= Beginning of Section =
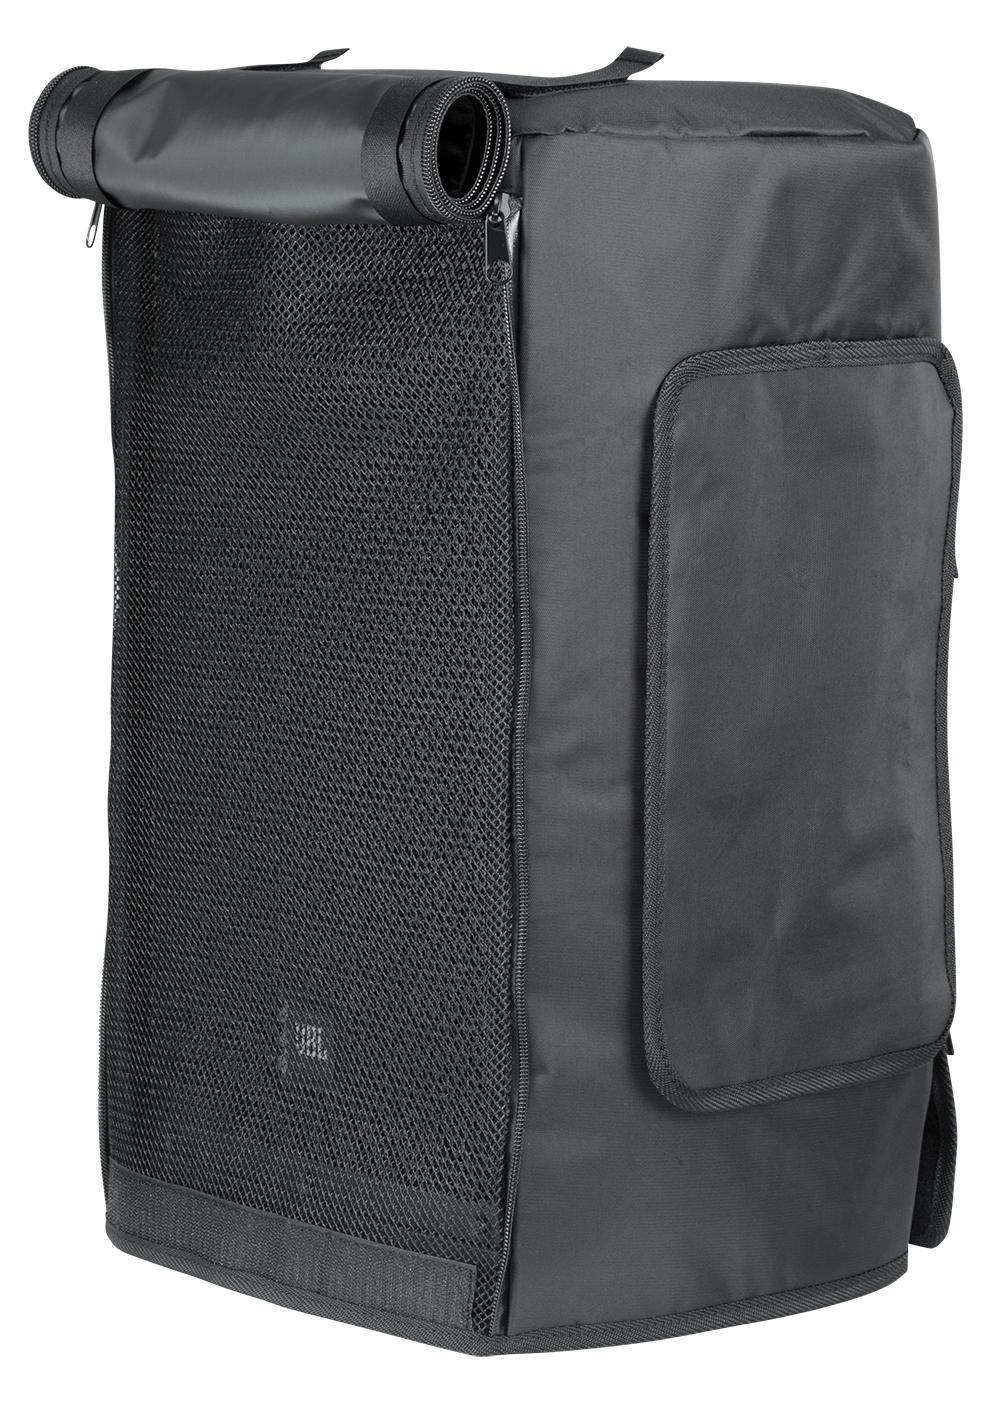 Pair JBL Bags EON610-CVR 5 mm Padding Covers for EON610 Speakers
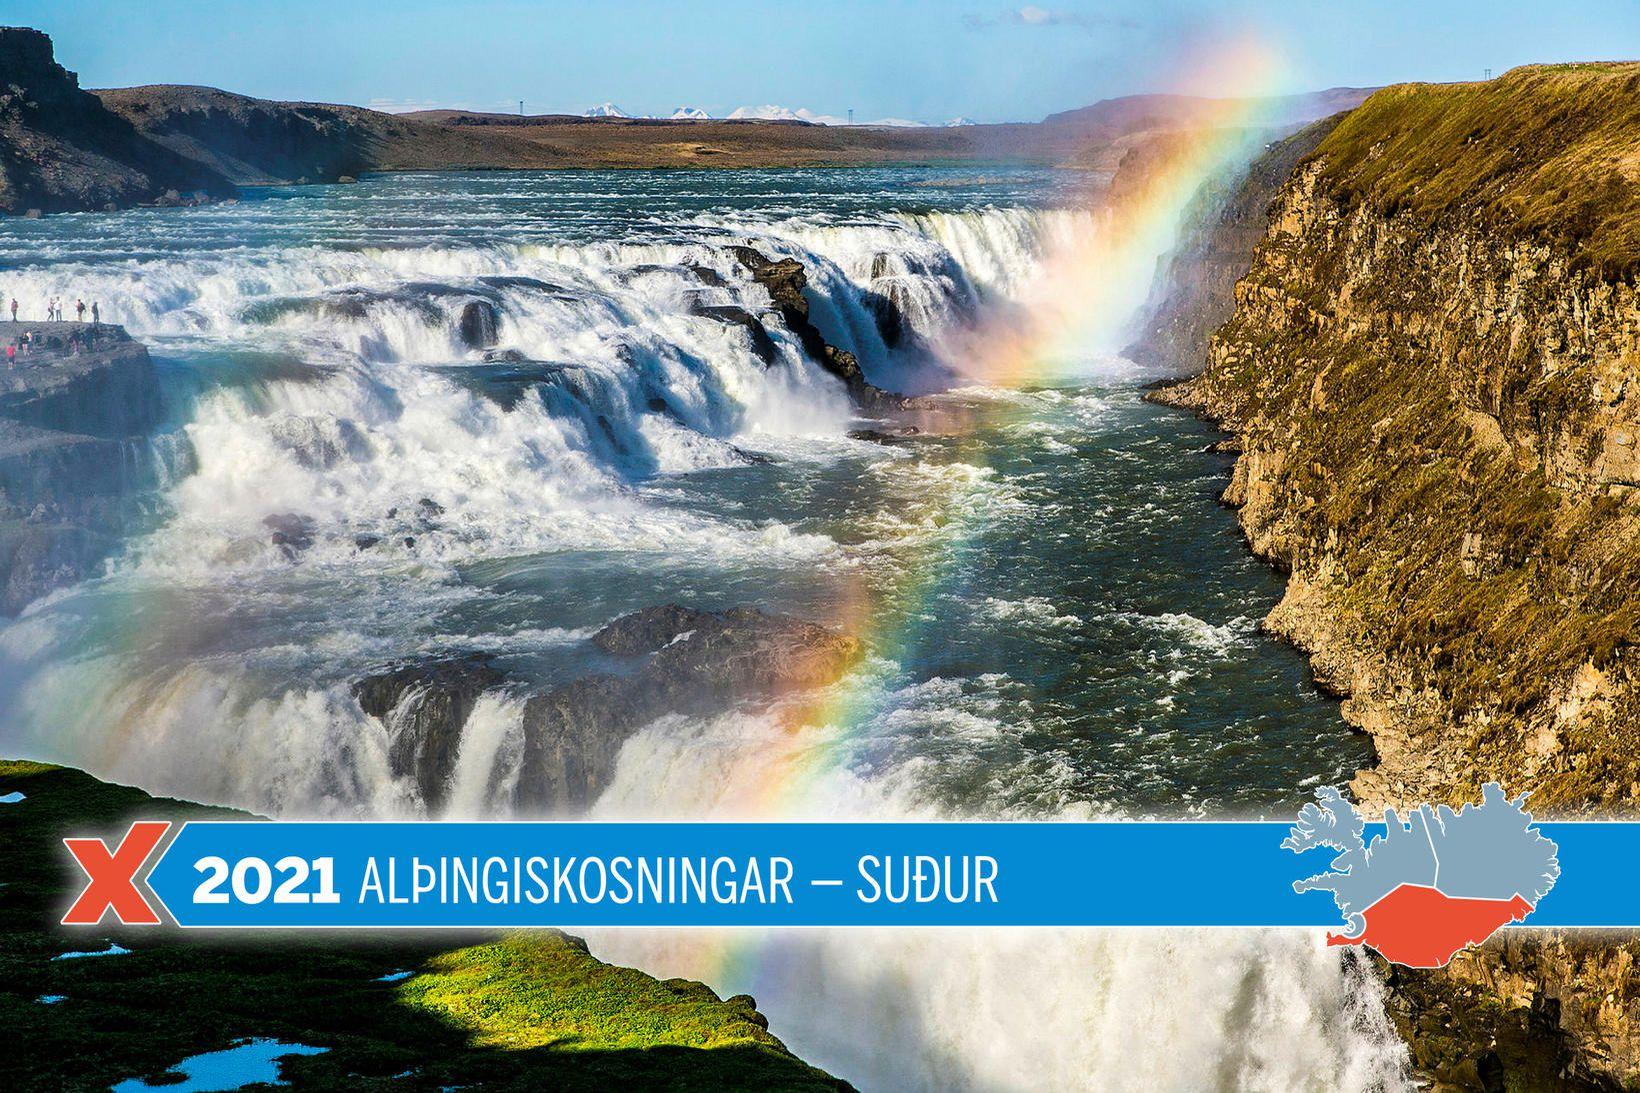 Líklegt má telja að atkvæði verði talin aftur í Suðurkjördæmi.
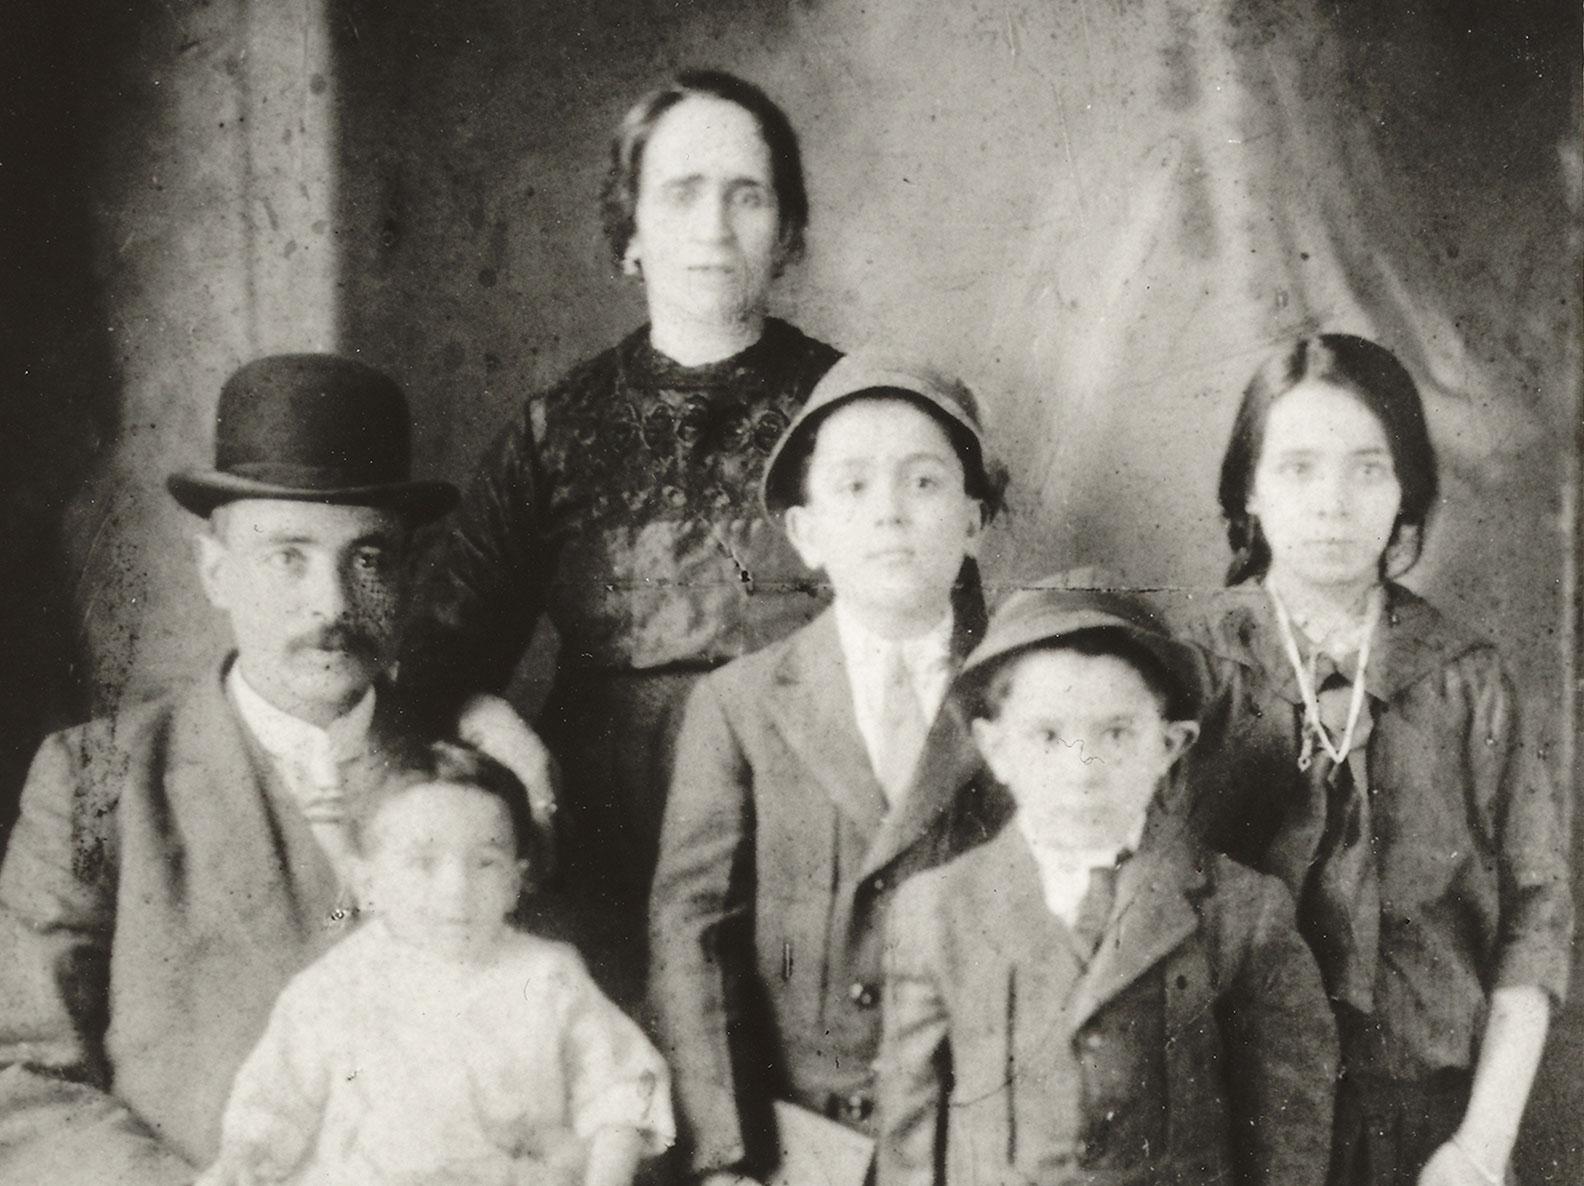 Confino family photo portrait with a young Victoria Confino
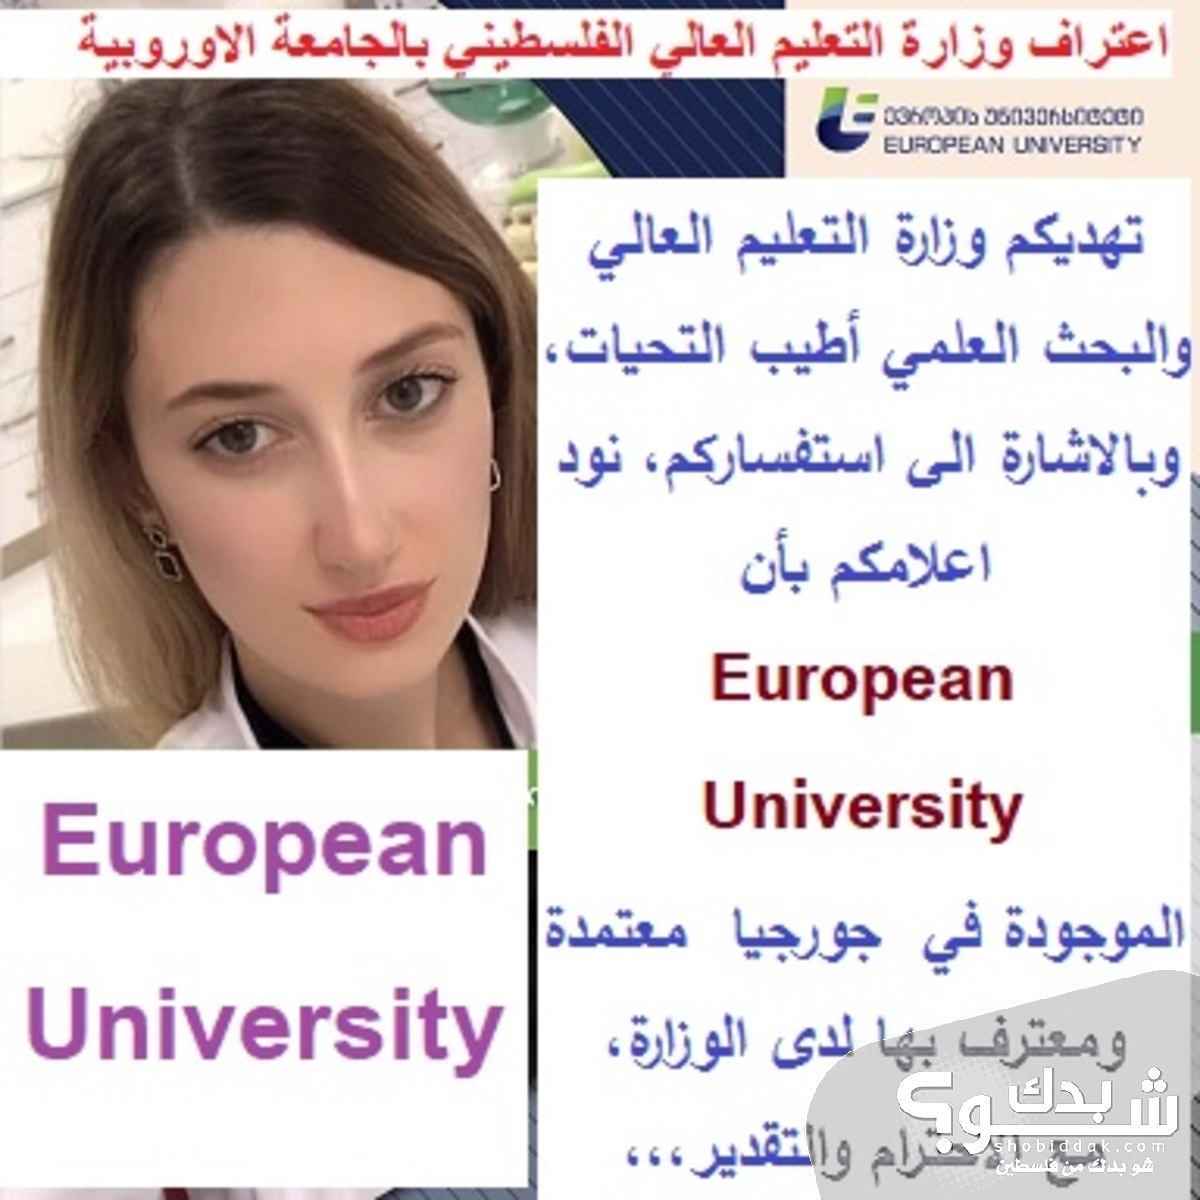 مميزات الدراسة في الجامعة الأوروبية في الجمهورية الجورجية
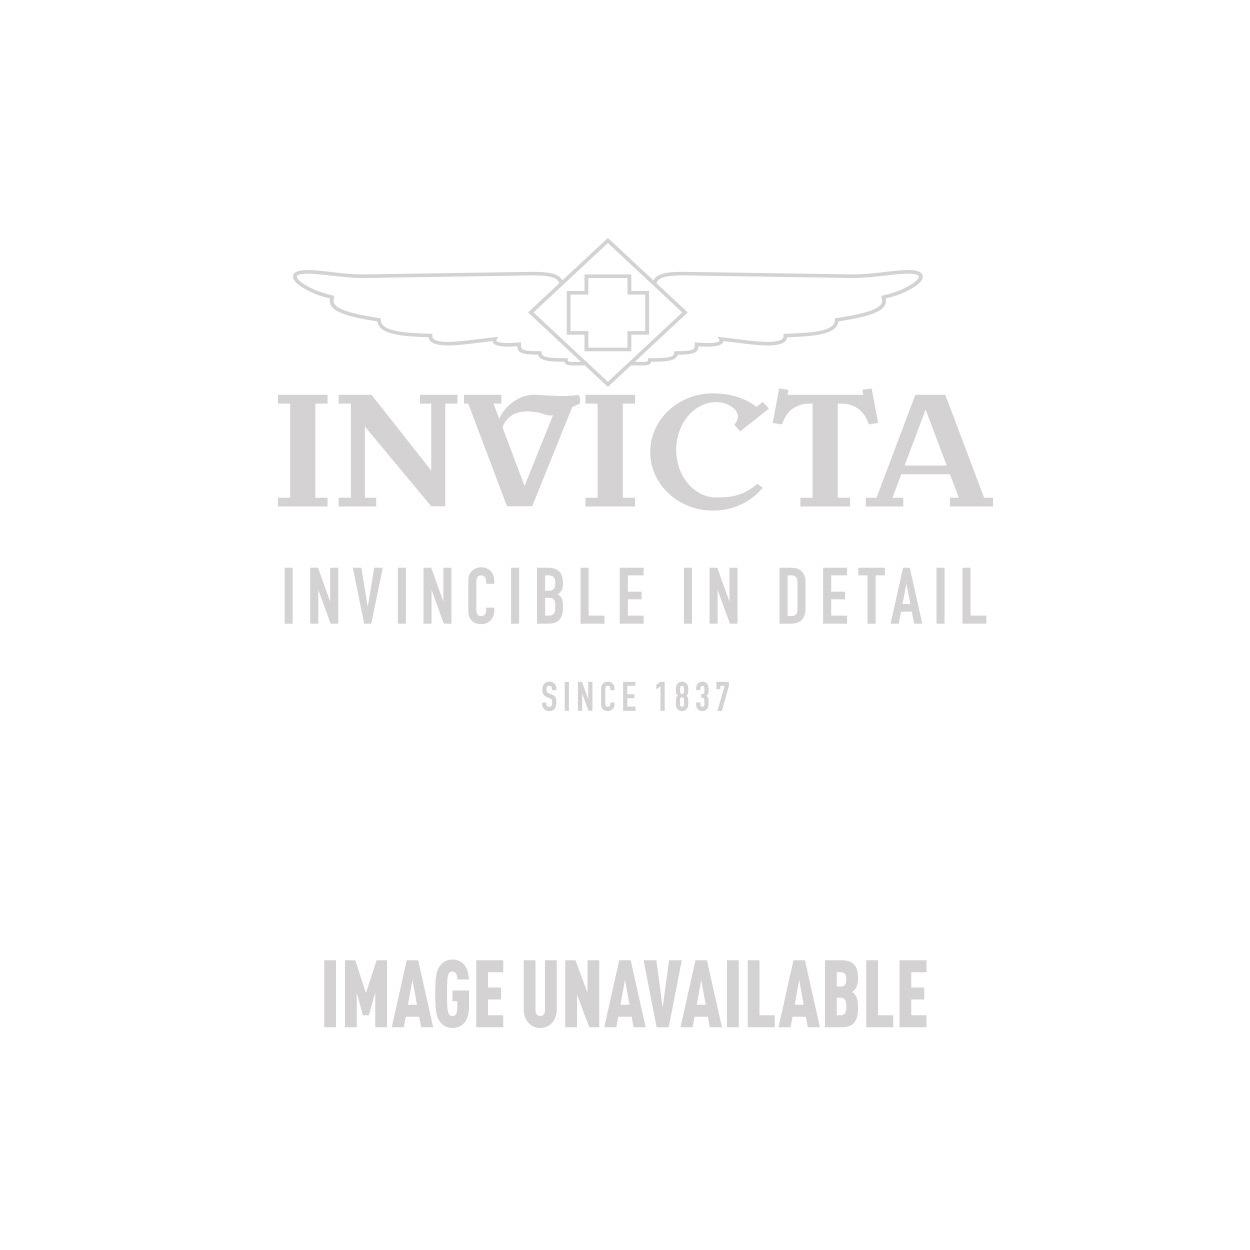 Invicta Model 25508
= End of Section =
• **Assignment**:
Give the entries again, exactly and in full, with no image included.

• **Written answer**:
 Pair JBL Bags EON610-CVR 5 mm Padding Covers for EON610 Speakers
 Líklegt má telja að atkvæði verði talin aftur í Suðurkjördæmi.
 Confino family photo portrait with a young Victoria Confino
 مميزات الدراسة في الجامعة الأوروبية في الجمهورية الجورجية
 Invicta Model 25508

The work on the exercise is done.